В Неаполе в Museo Nationale я видел «Бахуса» Рибейры6. Вот живот-то вылеплен, что твой барабан, а ширь-то кисти какая, будто метлой написан! Опять-таки, как у Микельанджело, никакой зацепки нет, свет заливает все тело, и все так смело — рука не дрогнет».

В другом письме, покоренный простотой и мощью живописи итальянца Тинторетто, он писал:

«Кто меня маслом по сердцу обдал, то это Тинторет. Говоря откровенно, смех разбирает, как он просто неуклюже, но как страшно мощно оправлялся с портретами своих краснобархатных дождей, что конца не было моему восторгу. Все примитивно намечено, но, должно быть, оригиналы страшно похожи на свои портреты, и я думаю, что современники любили его за быстрое и точное изображение себя. Он совсем не гнался за отделкой, как Тициан, а только схватывал конструкцию лиц просто одними линиями в палец толщиной; волосы, как у византийцев, черточками. Здесь в Вене, в Академии, я увидел два холста его с нагроможденными одно на другое лицами-портретами.7 Тут его манера распознавать индивидуальность лиц всего заметнее. Ах, какие у него в Венеции есть цвета его дожеских ряс, с такой силой спаханных и пробороненных кистью, что, пожалуй, по мощи выше «Поклонения волхвов» Веронеза. Простяк художник был».

В Дрездене, Париже, Риме, Венеции, Флоренции Суриков видел картины Тициана и многими из них был восхищен, о чем писал П.П. Чистякову. Однако он не преминул указать в этих письмах и на то, что ему не понравилось у Тициана.

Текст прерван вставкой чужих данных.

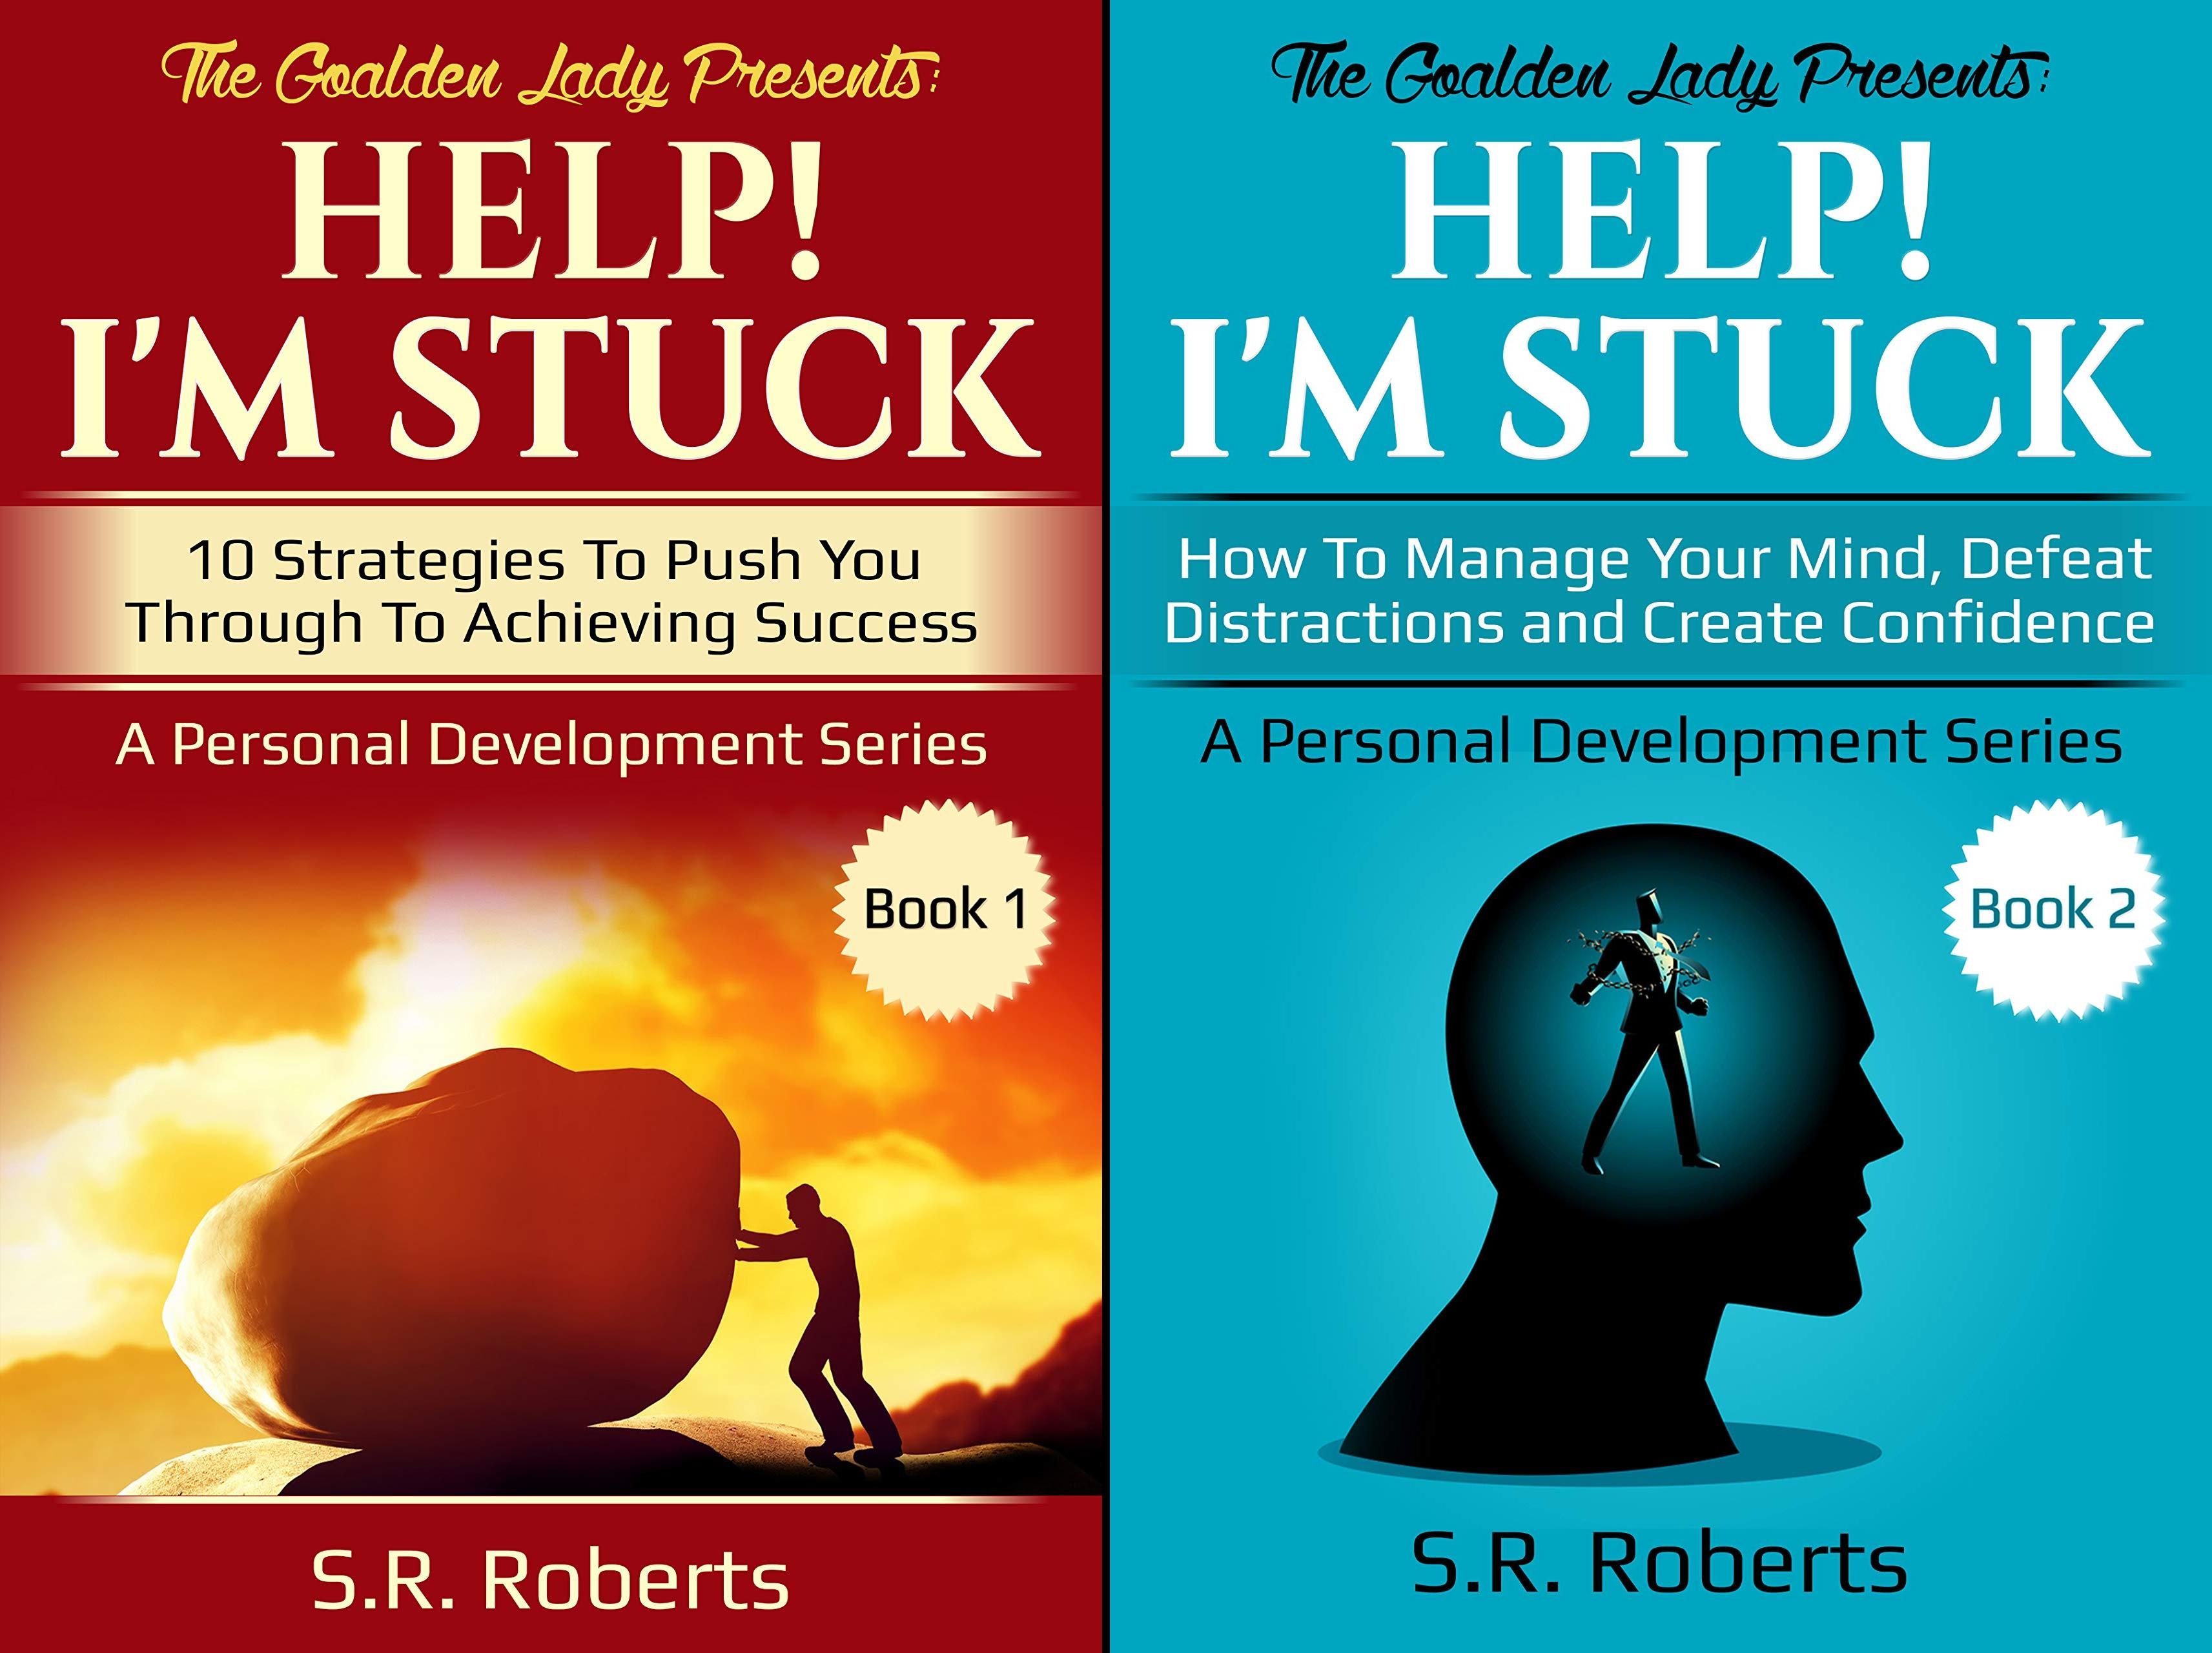 Help! I'm Stuck (2 Book Series)

«Тициан иногда страшно желтит, зной напускает в картины, как, например, «Земная и небесная любовь» в Палаццо Боргезе в Риме. Голая с красной одеждой женщина. Приятно, но не натурально», — писал Суриков и тут же на полях письма сделал примечание: «Когда отойдешь от подобной знойной картины Тициана к Веронезу, то будто бы холодной водицы изопьешь».

Как однако ни были прекрасны творения Тициана, Веронезе, Тинторетто, Рафаэля и Микельанджело, но безраздельно захватил Сурикова испанский жанровый художник и портретист XVII века — Веласкез. Об одной из картин Веласкеза — портрете папы Иннокентия X художник восторженно писал Чистякову:

«Здесь все стороны совершенства есть: творчество, форма, колорит, так что каждую сторону можно отдельно рассматривать и находить удовлетворение. Это живой человек, это выше живописи, как существовала у старых мастеров. Тут прощать и извинять нечего. Для меня все галереи Рима — этот Веласкеза портрет. От него невозможно оторваться. Я с ним перед отъездом из Рима прощался как с живым человеком; простишься, да опять воротишься, думаешь: а вдруг в последний раз в жизни его вижу».

Великие художники прошлого страстно увлекли Сурикова простотой, широтой и возвышенностью образов и типов своих картин. Он оценил благородную сдержанность Тициана, сверкание красок пышного Веронезе и таинственный трагизм Тинторетто. Он восхищался произведениями Рафаэля, Микельанджело, Веласкеза, Леонардо да Винчи, Мурильо, Рибейры и других.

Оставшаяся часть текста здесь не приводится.